Mate, I had the exact same question as you a few weeks back and I was scratching my head trying to use the calculation table that came from EVAmerica.
In the end I found this link was able to answer my max RPM questions.
Also, according to EVAmerica, the max RPM of the FB1-4001A motor is 5600RPM from memory. As long as you know your gearbox's gear ratios then that link will sort you out nicely.


----------



## mattW (Sep 14, 2007)

Ok i have no idea whether this works or not but could you use the voltage across the motor to work out it's rpm? According to my old physics textbook as the rpm increases so does the back emf, so could you just whack a voltage gauge across the motor and use it like a tacho? (i am assuming it doesn't change with load). If you knew the voltage drop at max rpm then you could just change up then, maybe even work out a gear change light. Kiwi i think i remember you talking about playing with the tacho somewhere but i cant find the thread atm. Anyone know whether this would work?


----------



## KiwiEV (Jul 26, 2007)

Yep, I'm currently figuring out a way to attach a (very) little generator to the motor's tailshaft to generate current to move the tachometer.

I disconnected the tachometer's tiny needle "motor" input from the built in circuit board in the tach gauge. I ran the input straight past the tach circuit:









Then I re-routed it straight to a low voltage input; this is the result of a 1.5 volt AAA battery:









As you can see, 1.5 volts gives the tachometer just over 4000 RPM. I have a little motor which I connected to my cordless drill and put a meter across. I estimated the drill was spinning at about 2000 RPM and it produced 0.75 volts. I'm expecting that once the little motor is connected to the tail of the drive motor, it will generate up to 2 volts, maybe more.
I have a potentiometer which I will connect into the circuit so I can fine-tune the tachometer's results.

Now this is certainly not going to be accurate throughout the rev range, but as long as I can get it nearly accurate closer to the motor's redline then I'm happy.


----------



## mattW (Sep 14, 2007)

But what i am saying is, when a voltage, say 120V is applied across a motor, The electrical energy that is converted to kinetic energy has to be accounted for (it isn't 'free').
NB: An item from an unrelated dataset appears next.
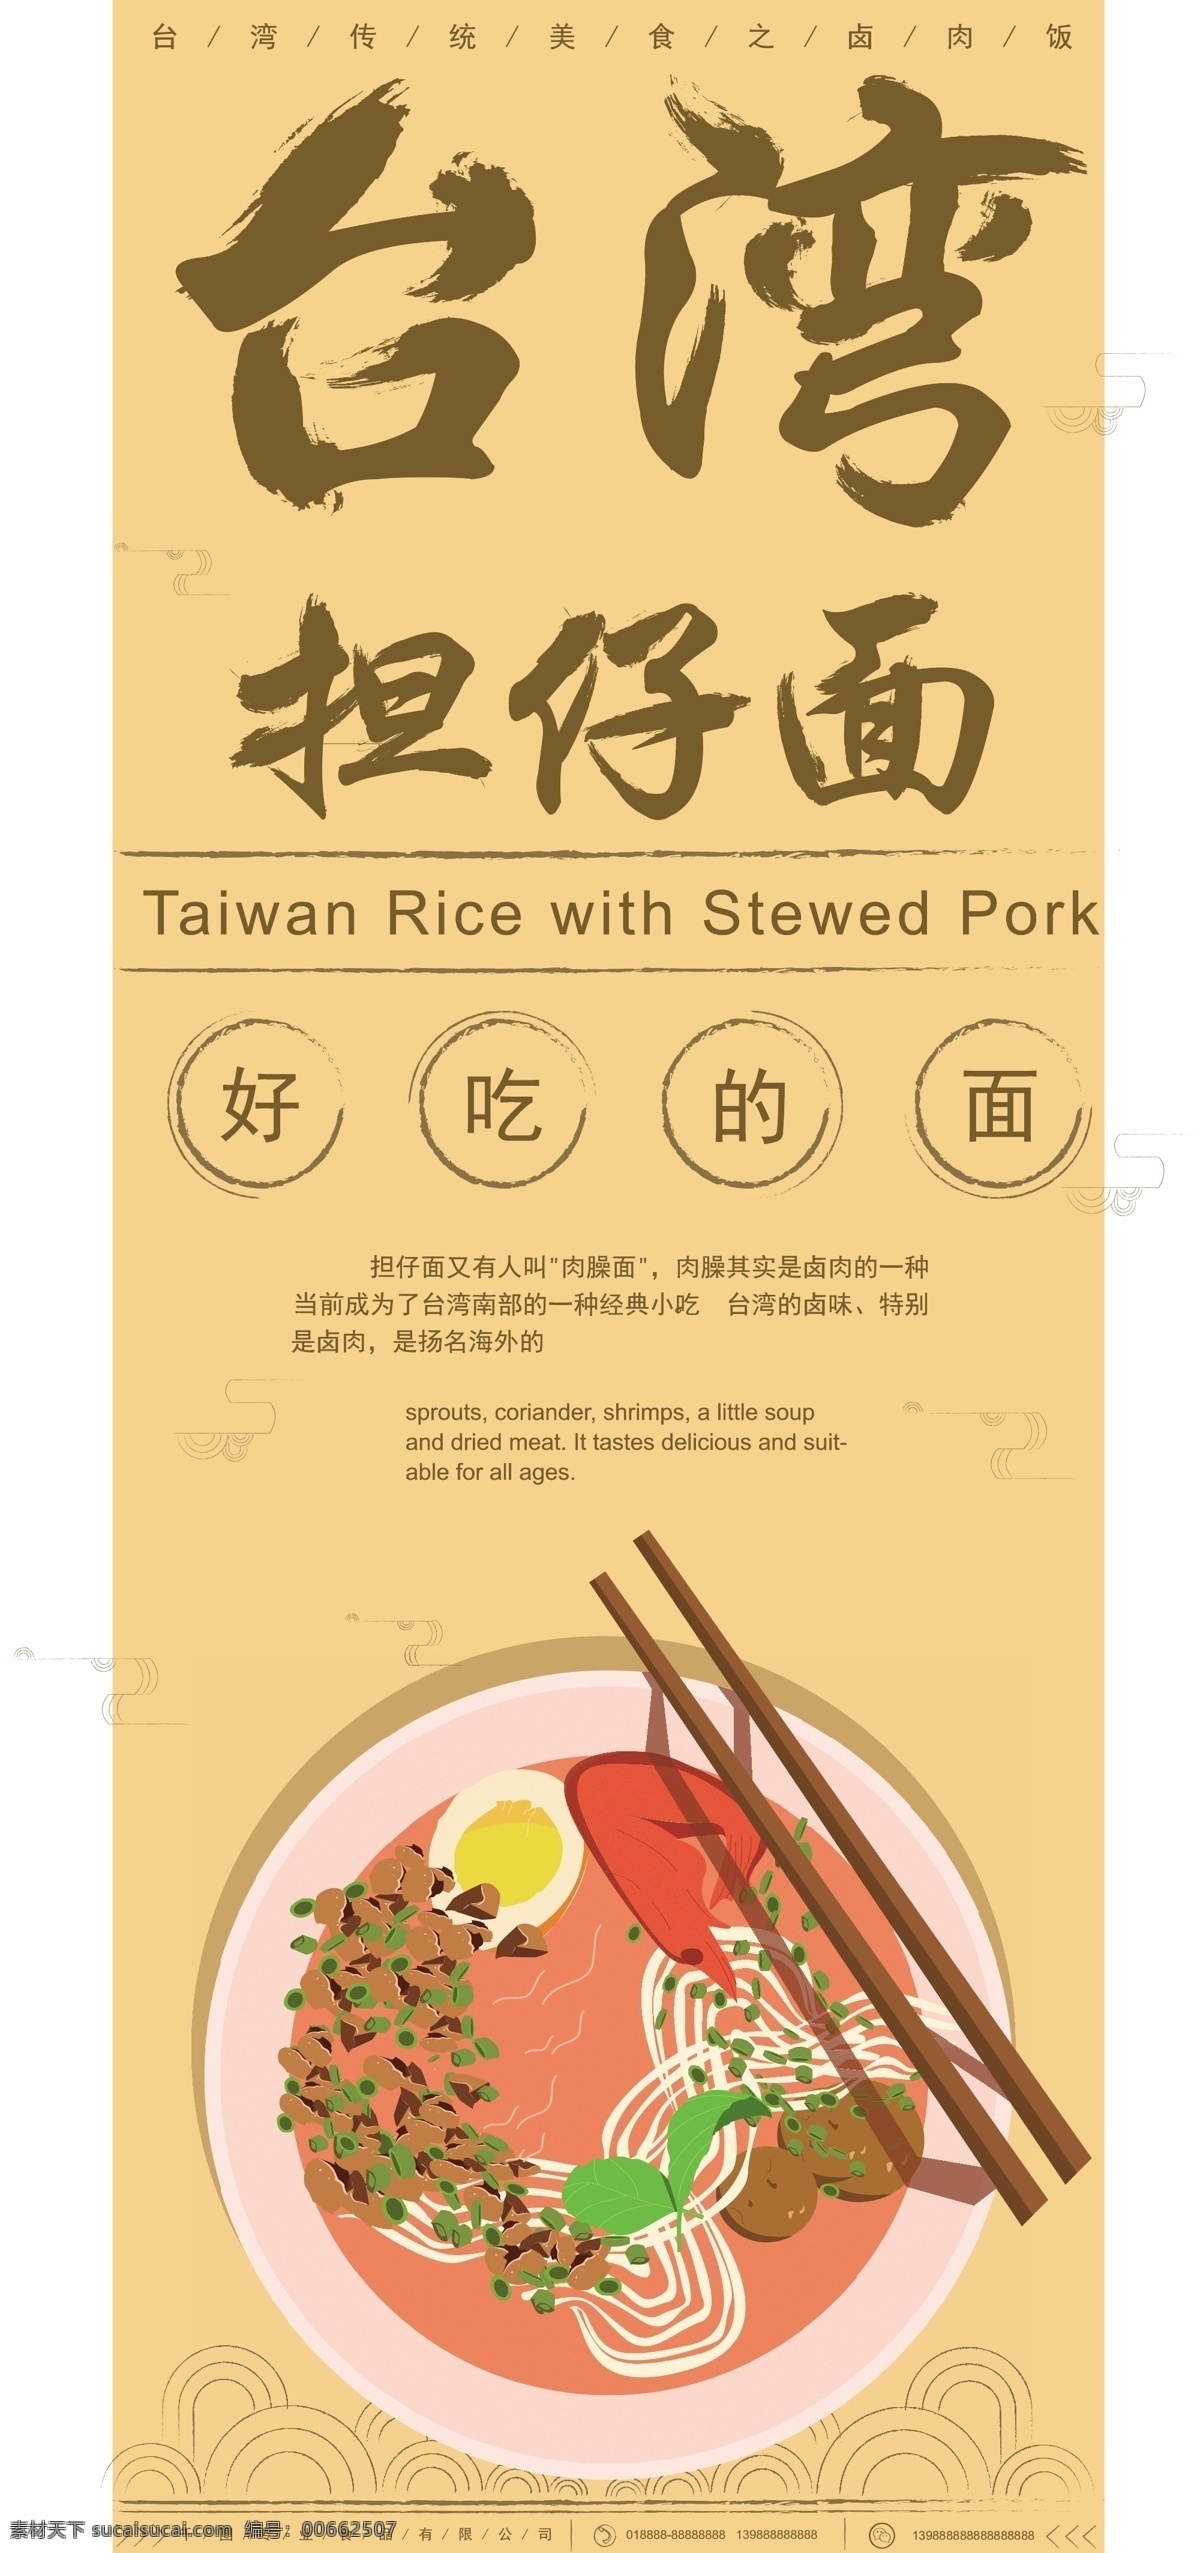 原创 手绘 台湾 美食 担 仔 复古 风 展架 台湾美食 担仔面 宣传 促销

When the moving electrons in the moving wire pass through the magnetic field, the field tries to slow the electrons down, which reduces the individual energy of the electrons but it also pushes the wire. So a motor with 120V accross it might have a back emf (electromagnetic force) of -50V meaning the total voltage difference across the motor is 70V. So you can skip the small generator step. But i only know this from a text book, you would have to test it. What is the voltage across the motor when it is stationary (i.e when the power has just been turned on) and at full rpm? I don't have a motor i can test it on atm so i'm hoping someone else can.


----------



## Coley (Jul 26, 2007)

Quote:
So I jacked up 1 tire and spun the motor. I know the figures I got are wrong (5.5 motor rev per 1 tire rev in first). Guess both tires must be moving to be accurate"

You need to spin the raised tire TWO revolutions while counting the motor turns. This is for a non-posi drive train.
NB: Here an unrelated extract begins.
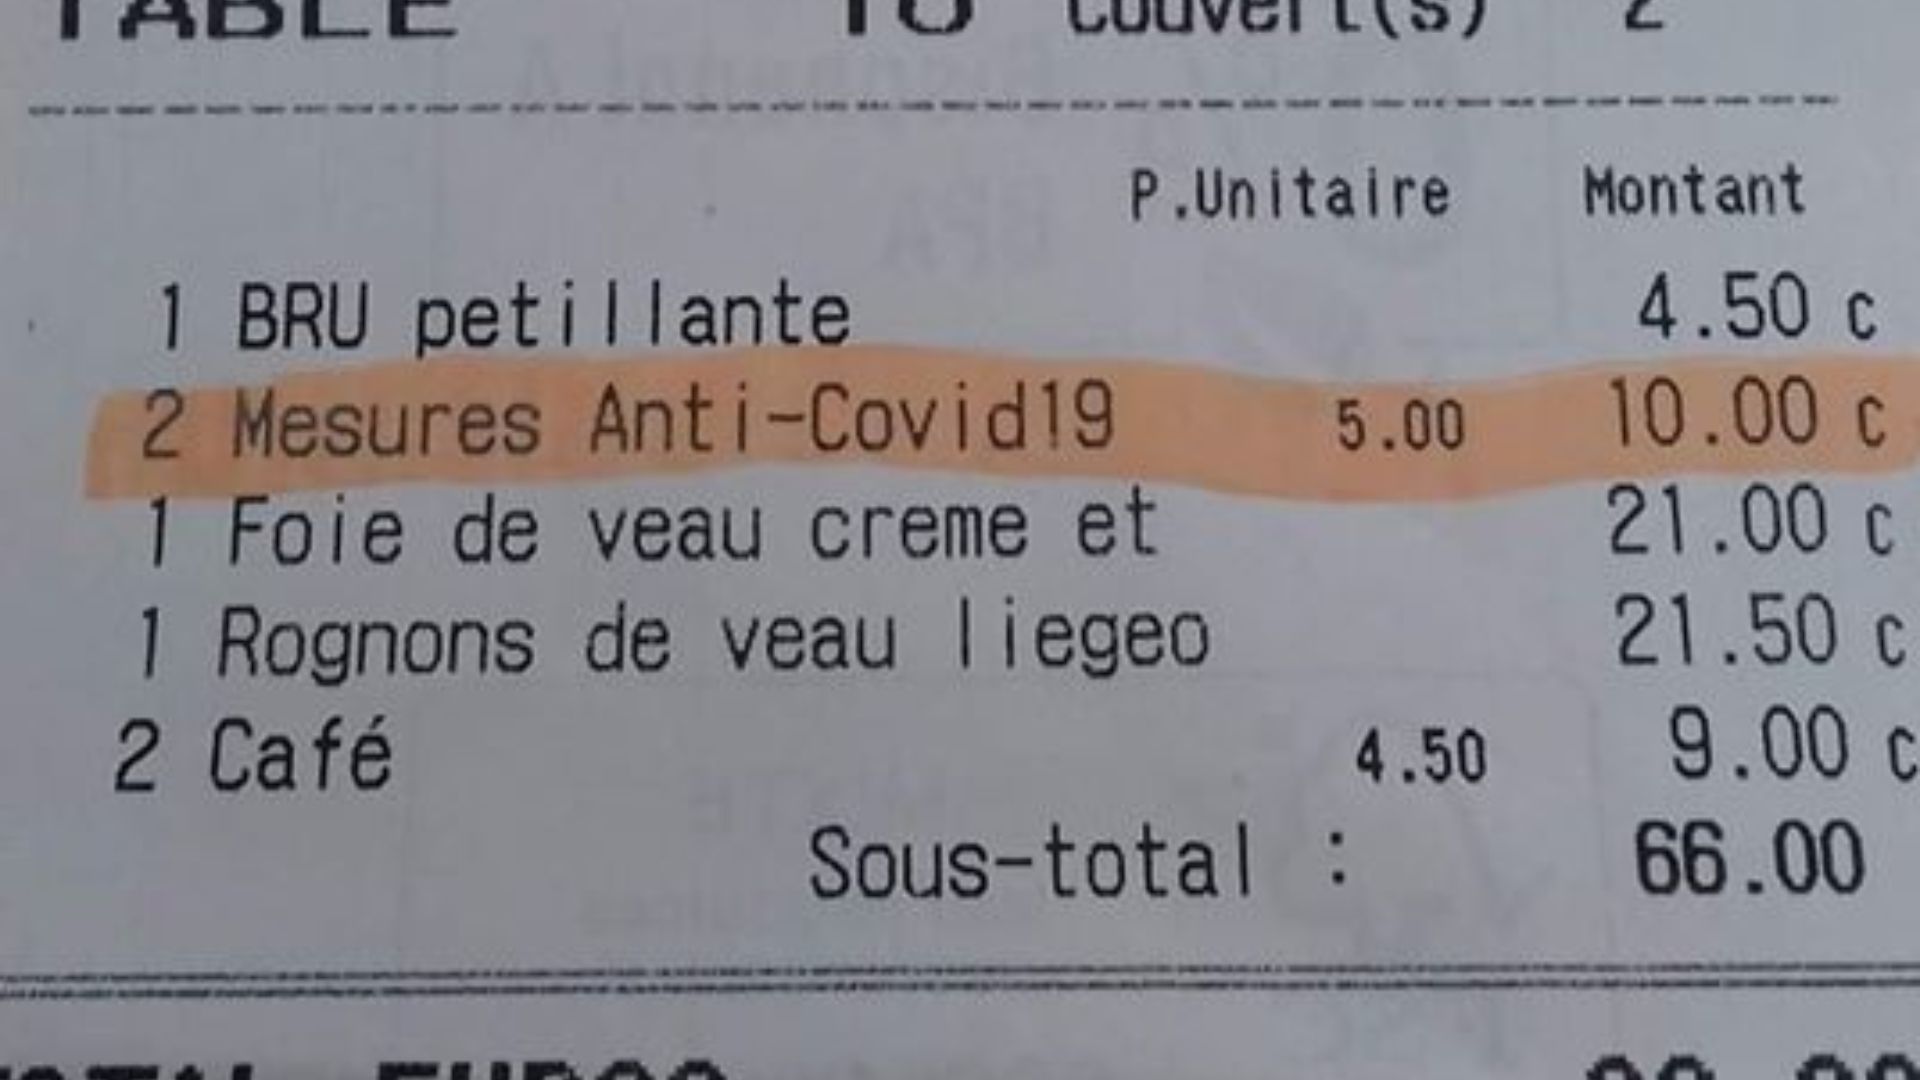 Un supplément "mesures Anti-Covid19" dans un restaurant bruxellois : "Cela a duré 10 jours et les clients comprenaient"

If you have a positraction axle, then you turn both of them ONE turn.

My Yugo comes out to 15:0 to 1. in first gear.


----------



## Hi Torque Electric (Dec 23, 2007)

CPLTECH

I just posted about this on another thread, Please do not run your 9" motor past 5K (5500 max per NetGains specs) as you risk blowing the comm! People might get away with it but I got lots of examples from those who did not, it's just not worth the risk.
Cya
Jim


----------